WORK REQUIRED -
Leaving the pictures aside, restate all of the data exactly.

SUPPLIED INFORMATION -

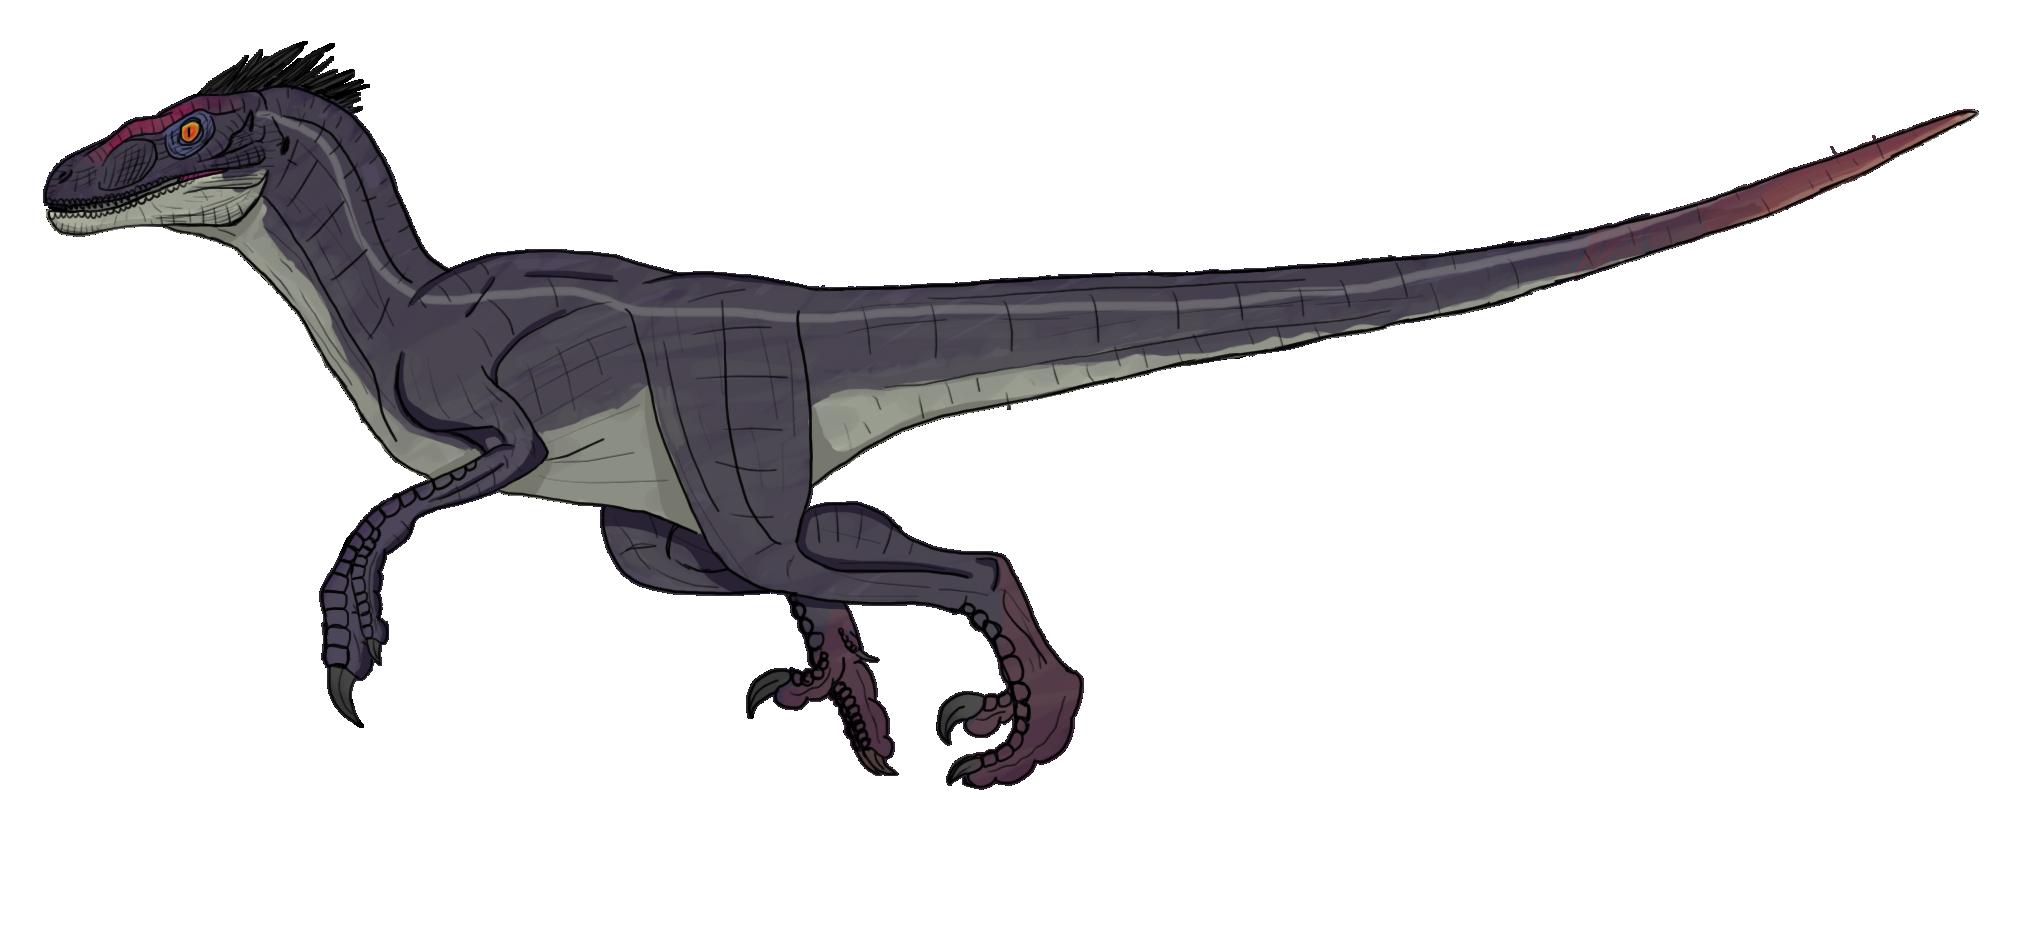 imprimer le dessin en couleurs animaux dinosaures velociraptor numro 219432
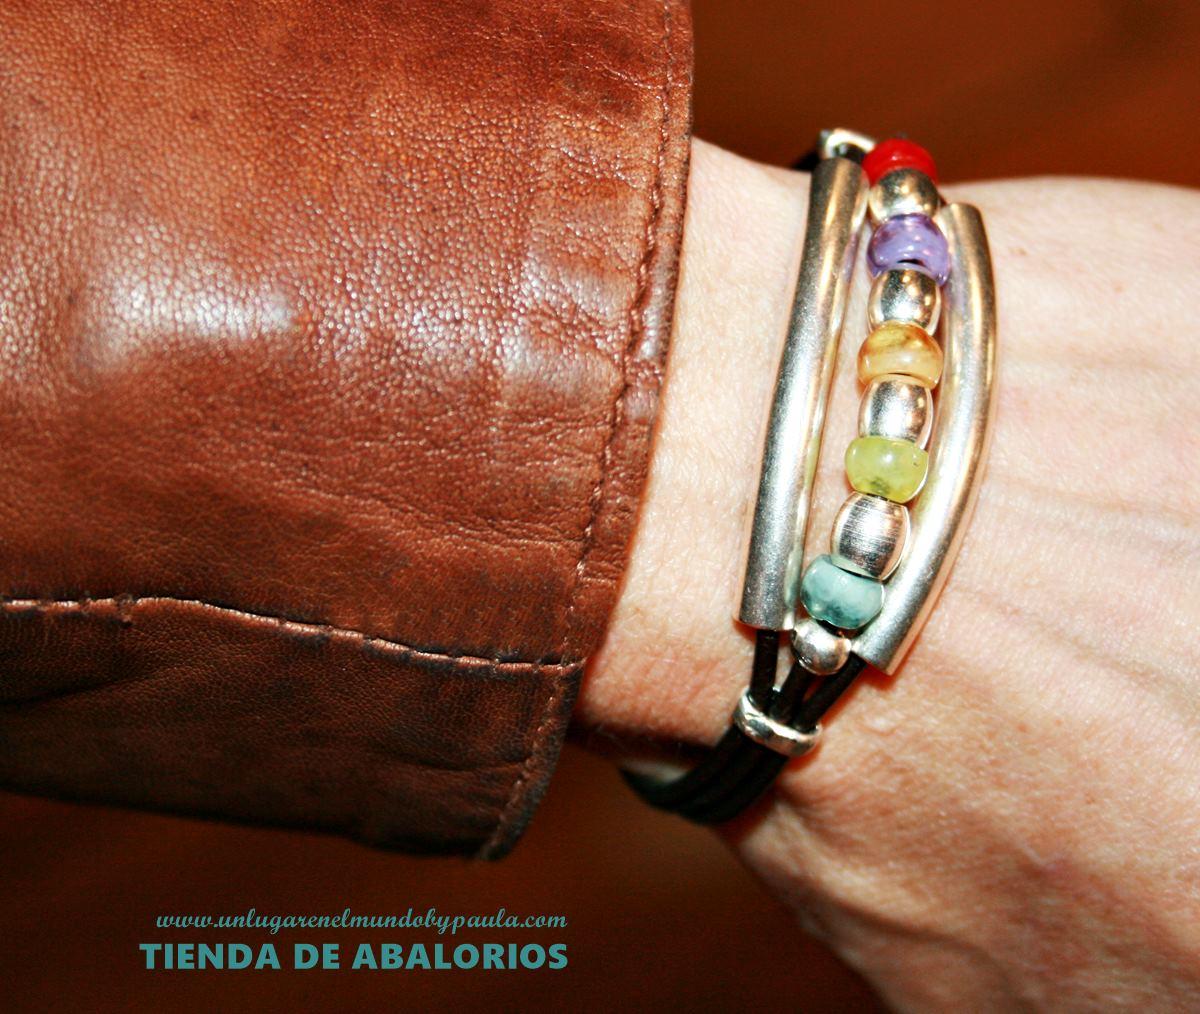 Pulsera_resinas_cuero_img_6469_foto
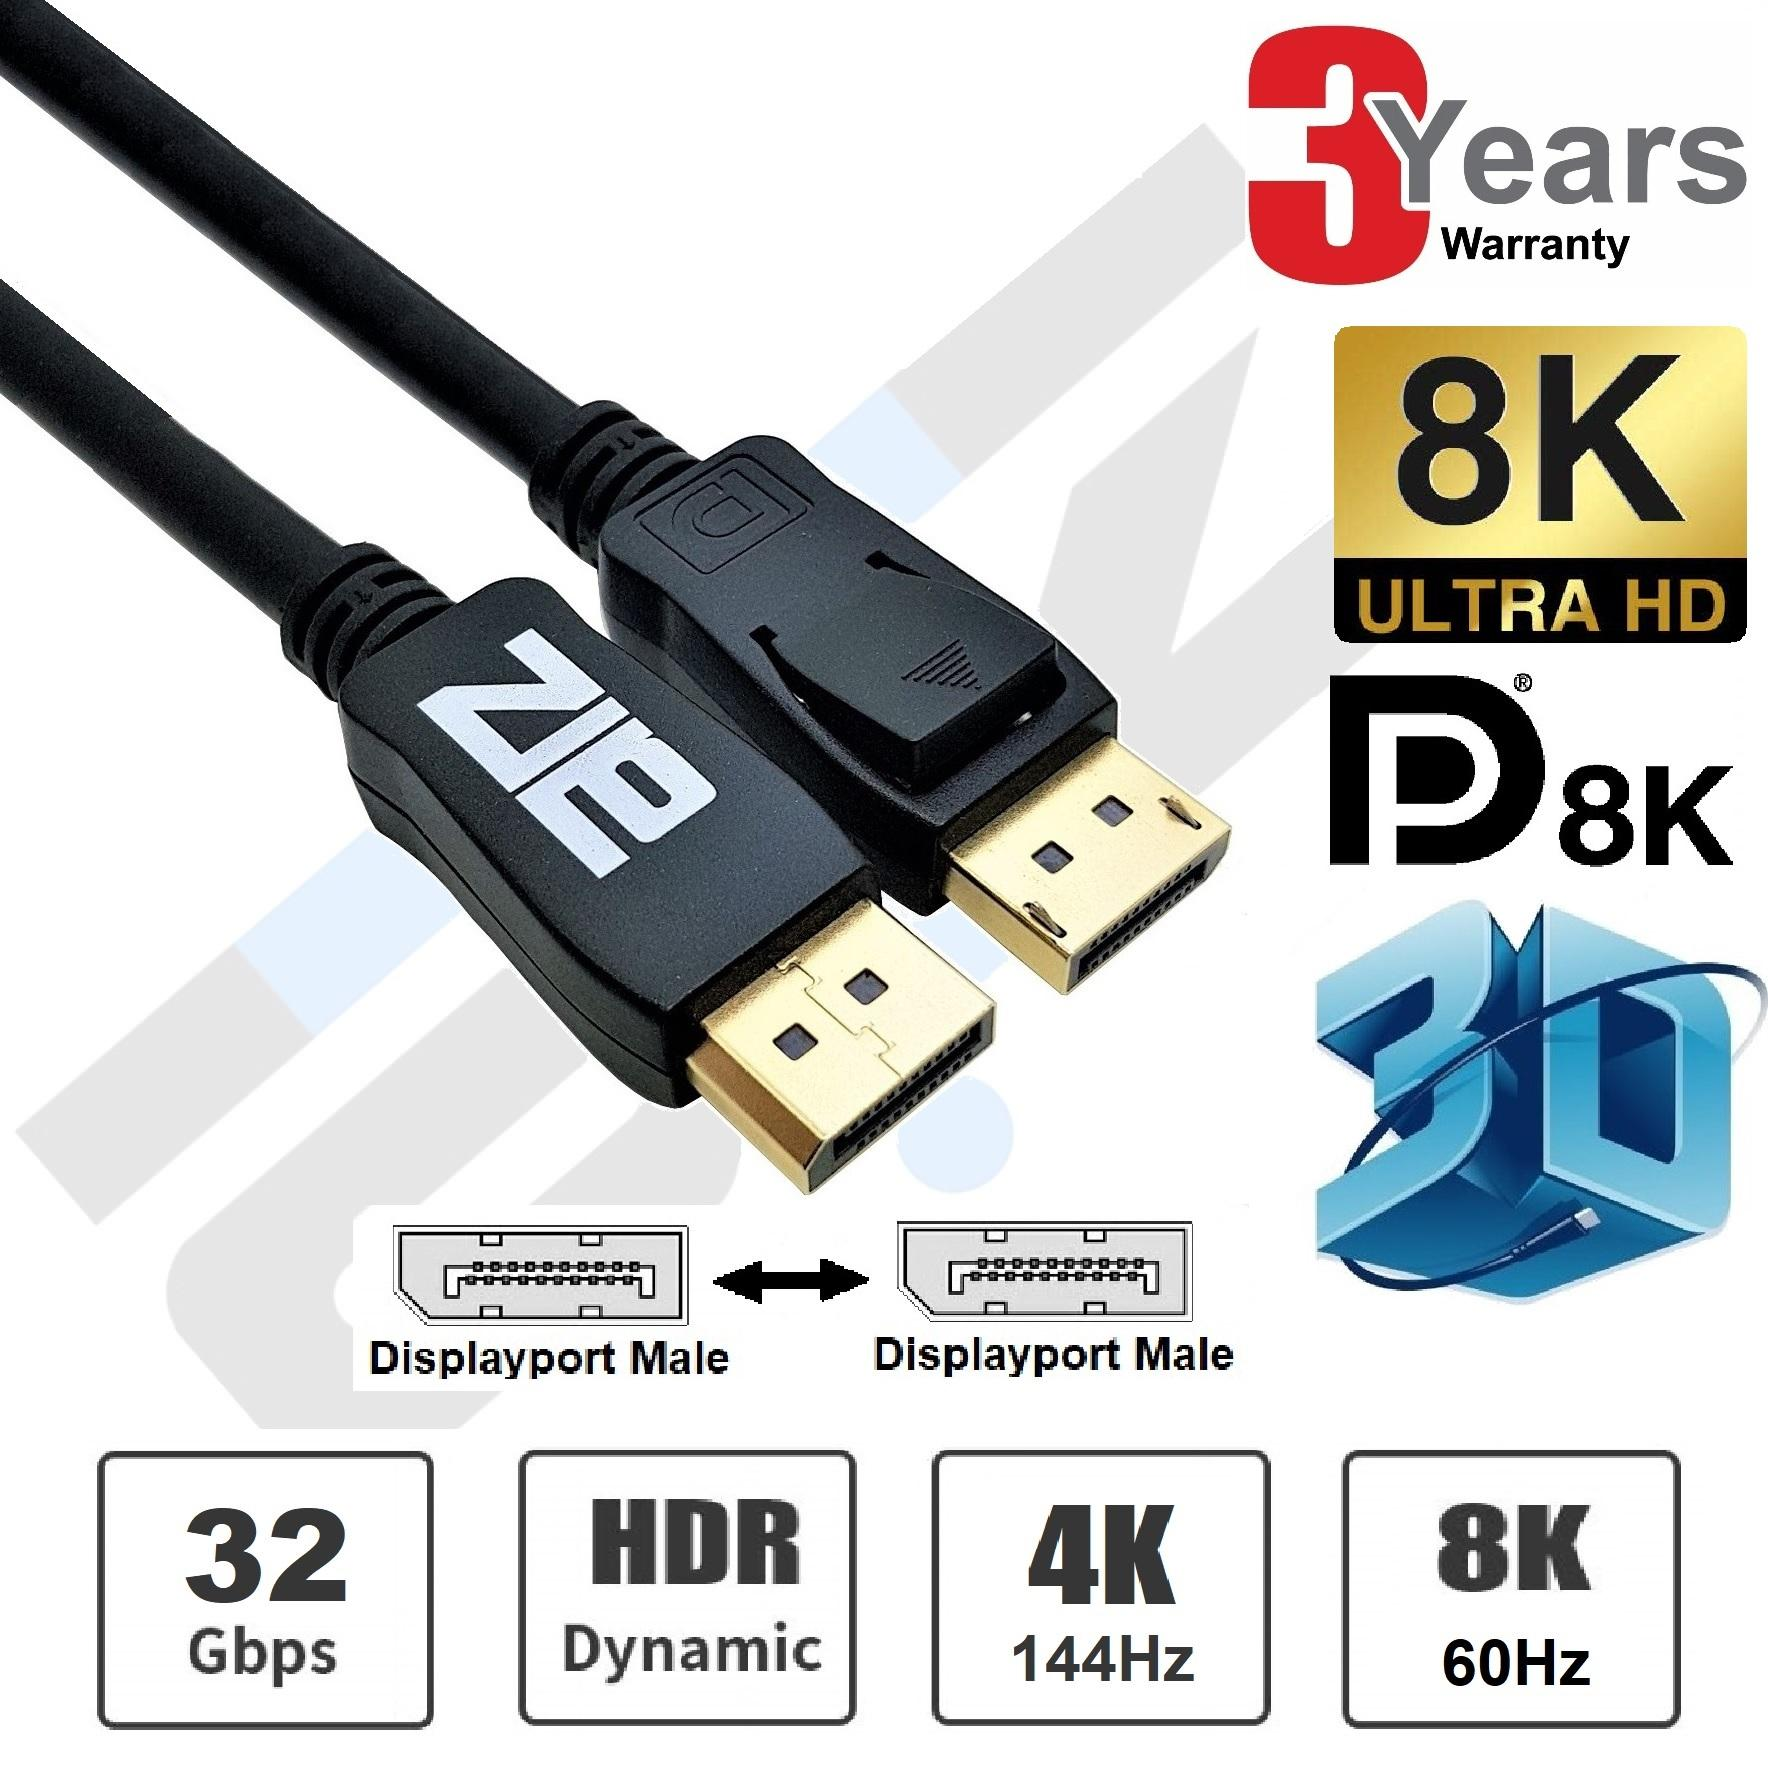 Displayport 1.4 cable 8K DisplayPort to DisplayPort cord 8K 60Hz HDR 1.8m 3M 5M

SOLUTION -
 imprimer le dessin en couleurs animaux dinosaures velociraptor numro 219432
 Pulsera_resinas_cuero_img_6469_foto
 Displayport 1.4 cable 8K DisplayPort to DisplayPort cord 8K 60Hz HDR 1.8m 3M 5M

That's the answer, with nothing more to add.